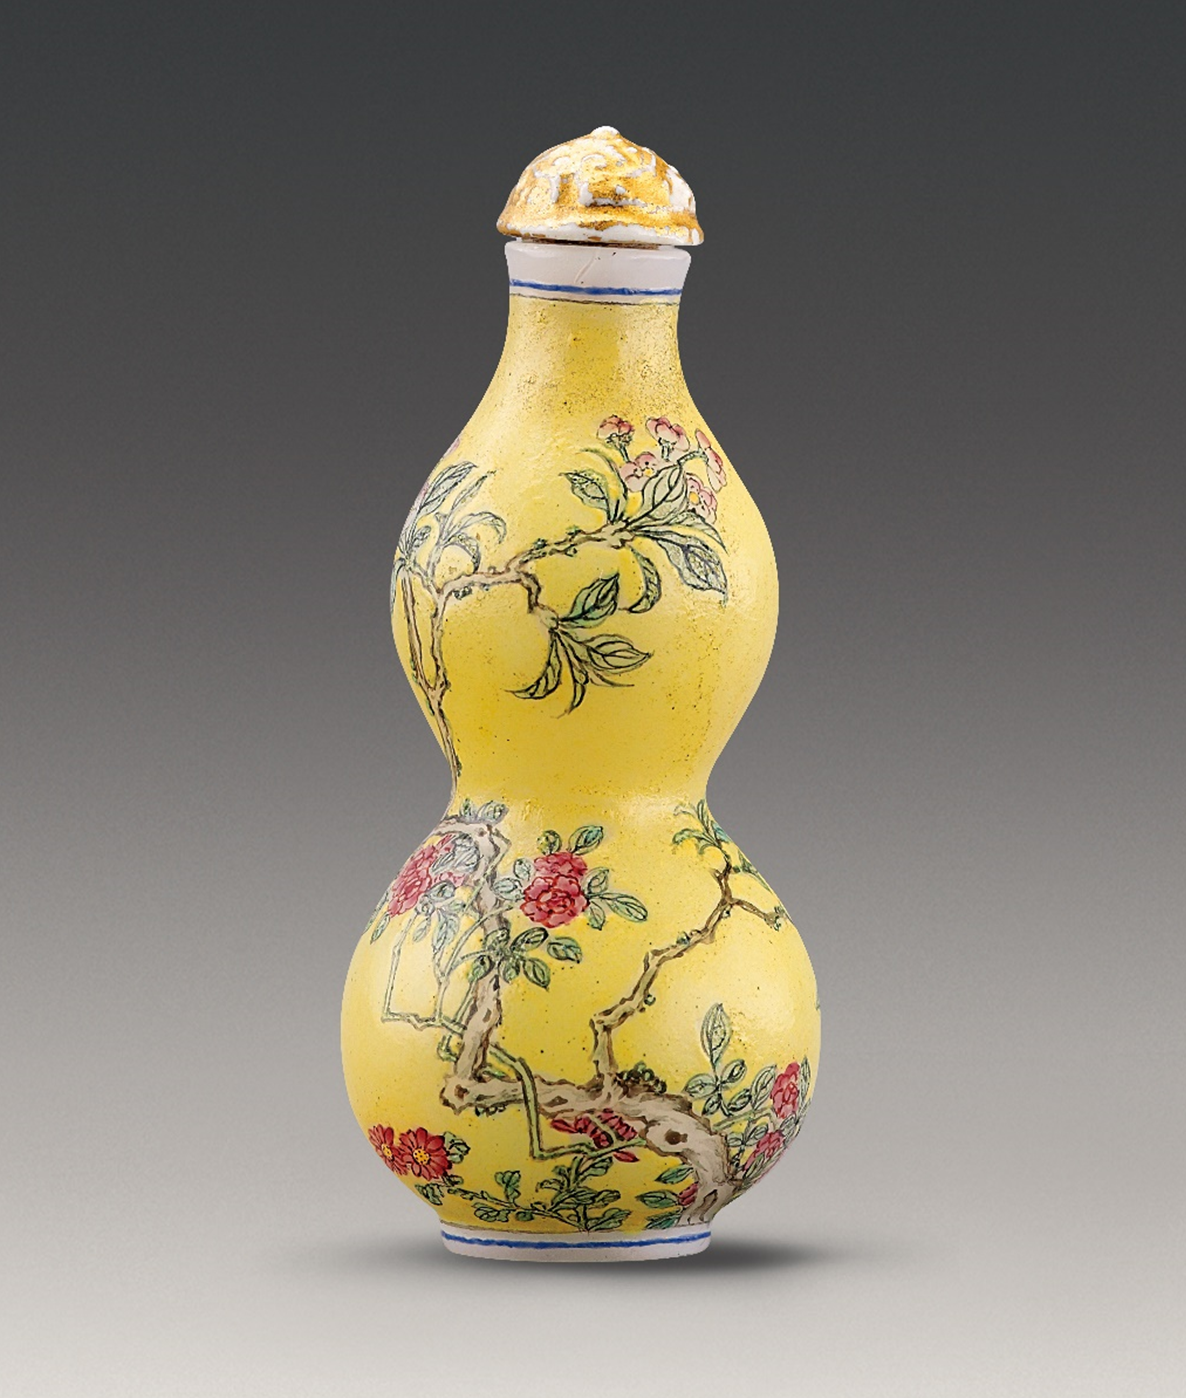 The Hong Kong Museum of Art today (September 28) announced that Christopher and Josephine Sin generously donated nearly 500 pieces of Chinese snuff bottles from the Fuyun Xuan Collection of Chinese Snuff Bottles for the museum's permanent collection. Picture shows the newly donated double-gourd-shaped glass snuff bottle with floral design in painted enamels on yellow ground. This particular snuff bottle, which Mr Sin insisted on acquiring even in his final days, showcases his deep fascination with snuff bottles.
------------------------------
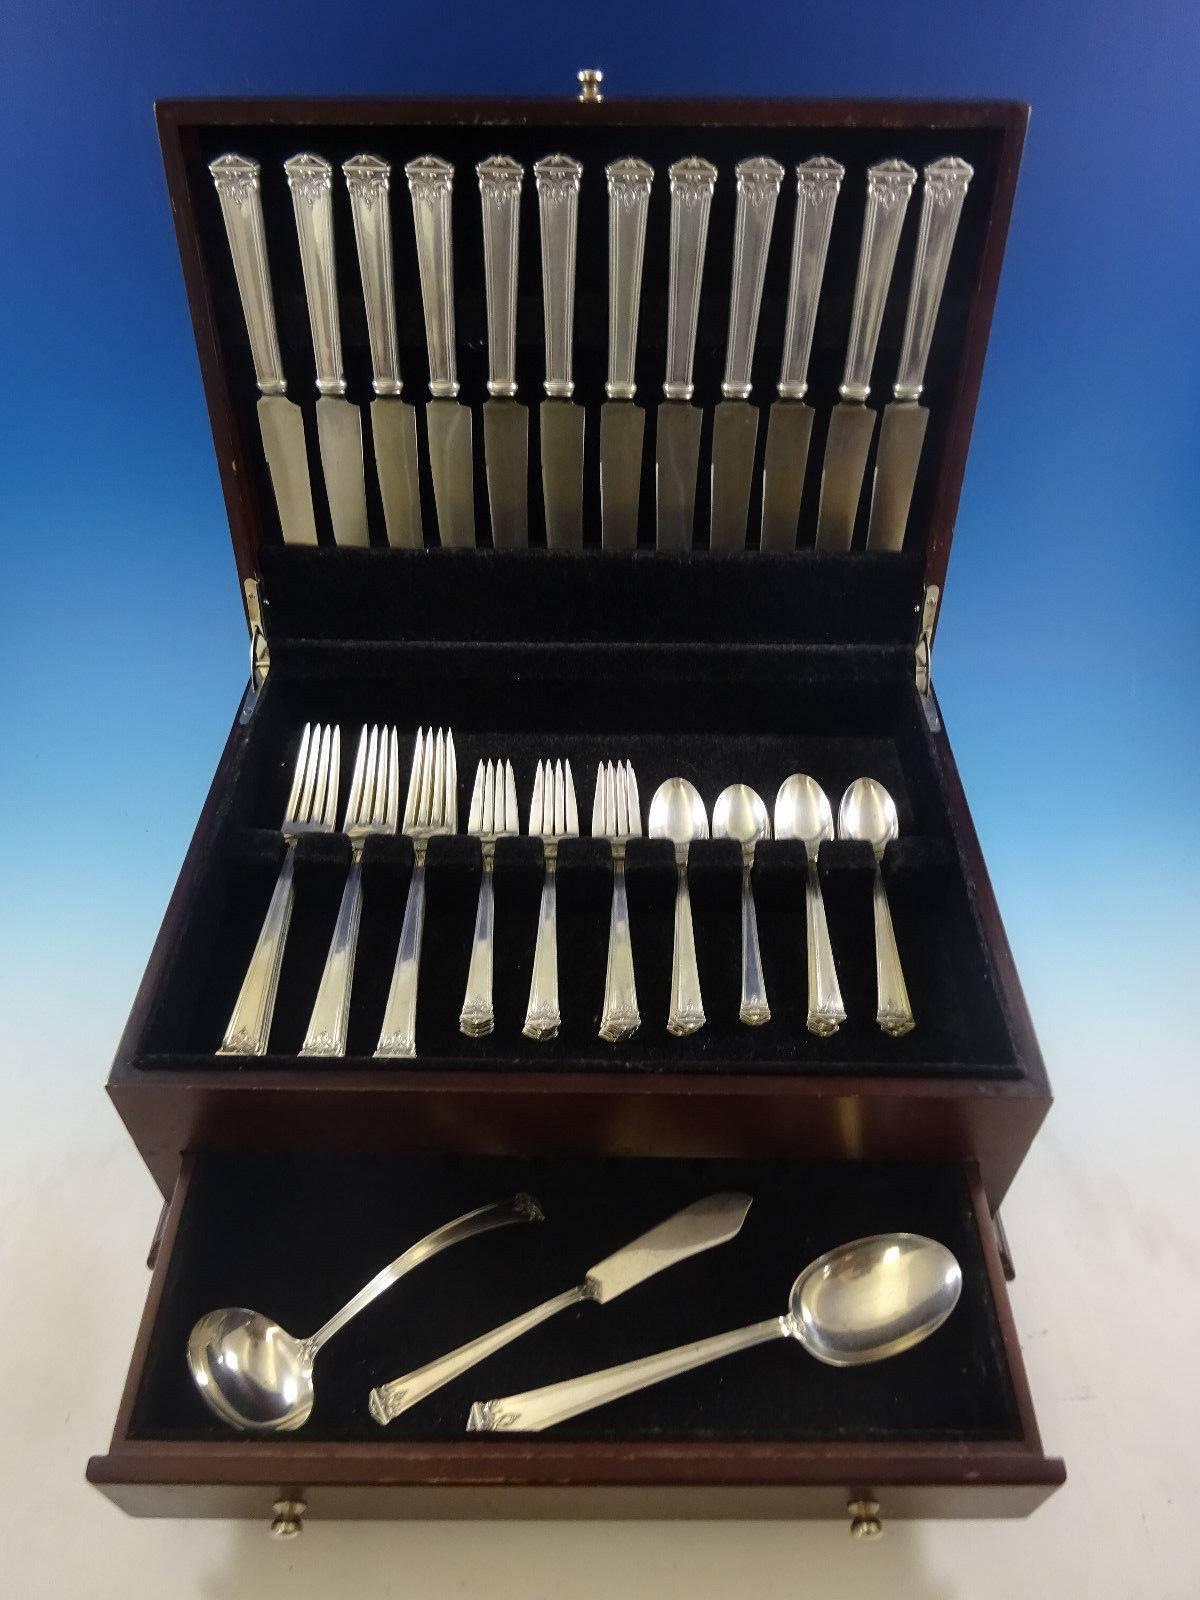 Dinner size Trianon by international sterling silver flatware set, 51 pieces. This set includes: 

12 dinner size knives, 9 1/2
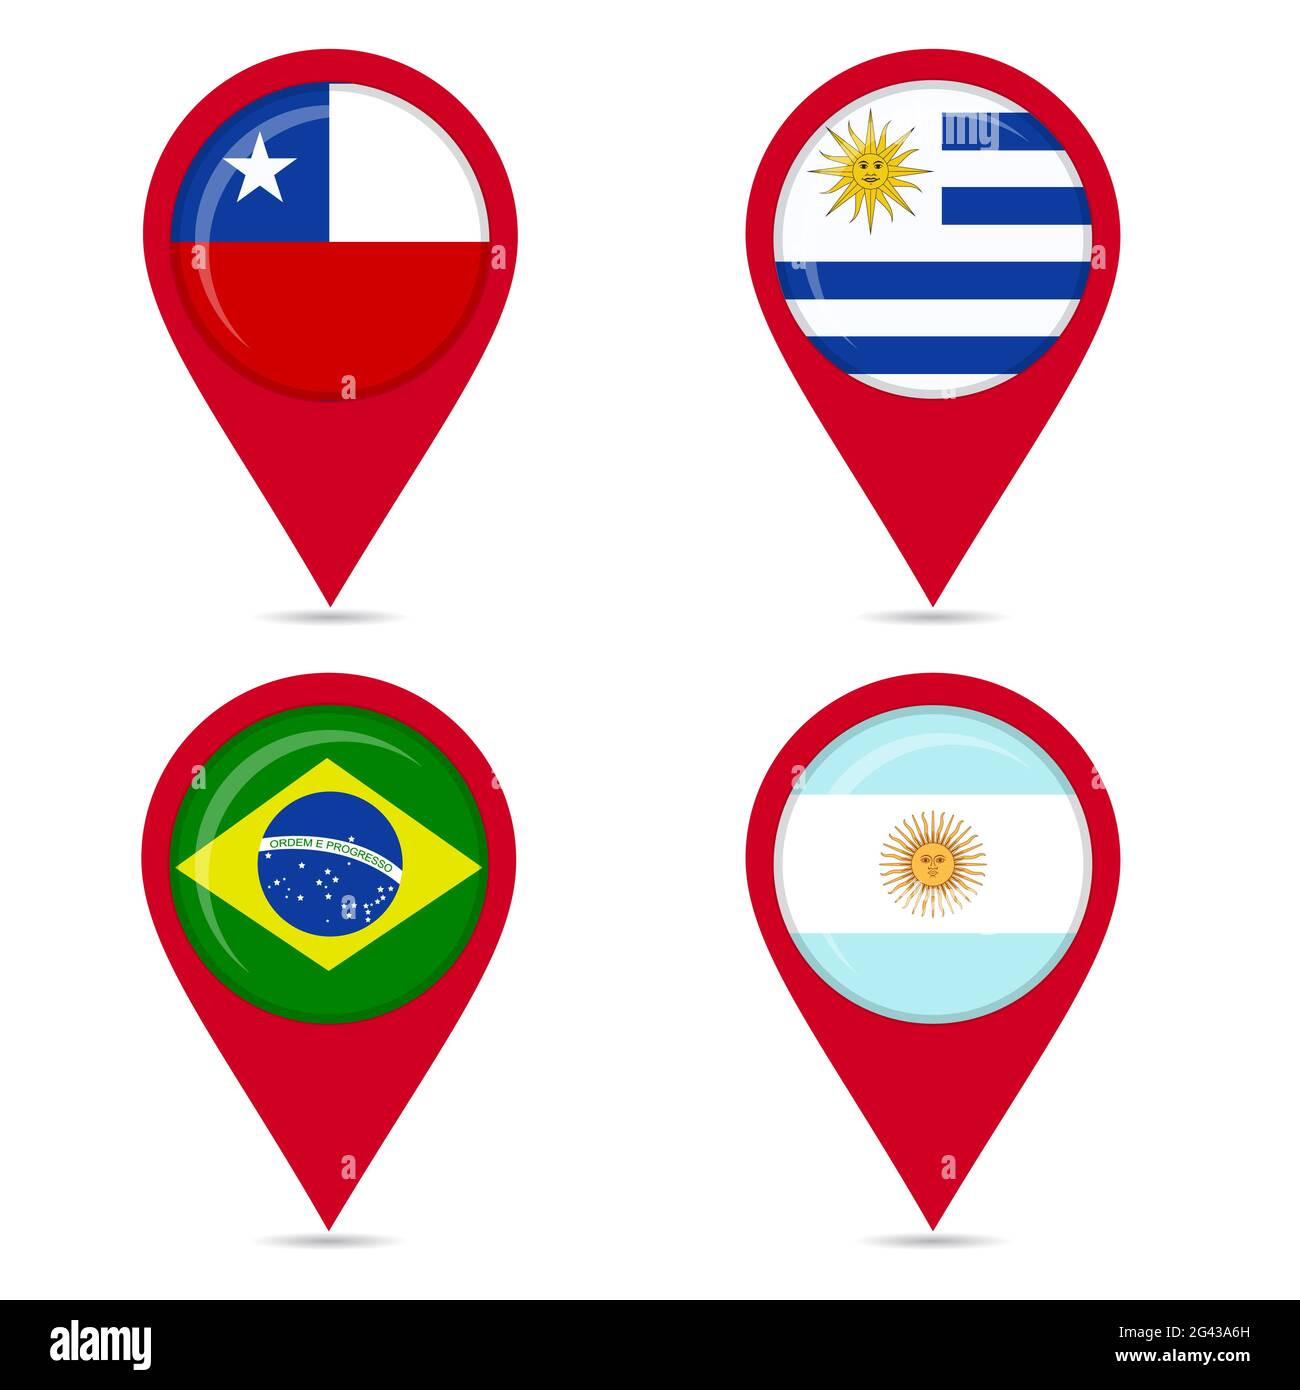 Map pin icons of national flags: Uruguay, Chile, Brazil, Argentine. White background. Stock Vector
------------------------------
What to work on
Quote word for word only the lines above from the one containing "12 dinner size knives, 9 1/2" through the one containing "Map pin icons". Pictures stay out of your copy.

Task result
12 dinner size knives, 9 1/2
 Map pin icons of national flags: Uruguay, Chile, Brazil, Argentine. White background. Stock Vector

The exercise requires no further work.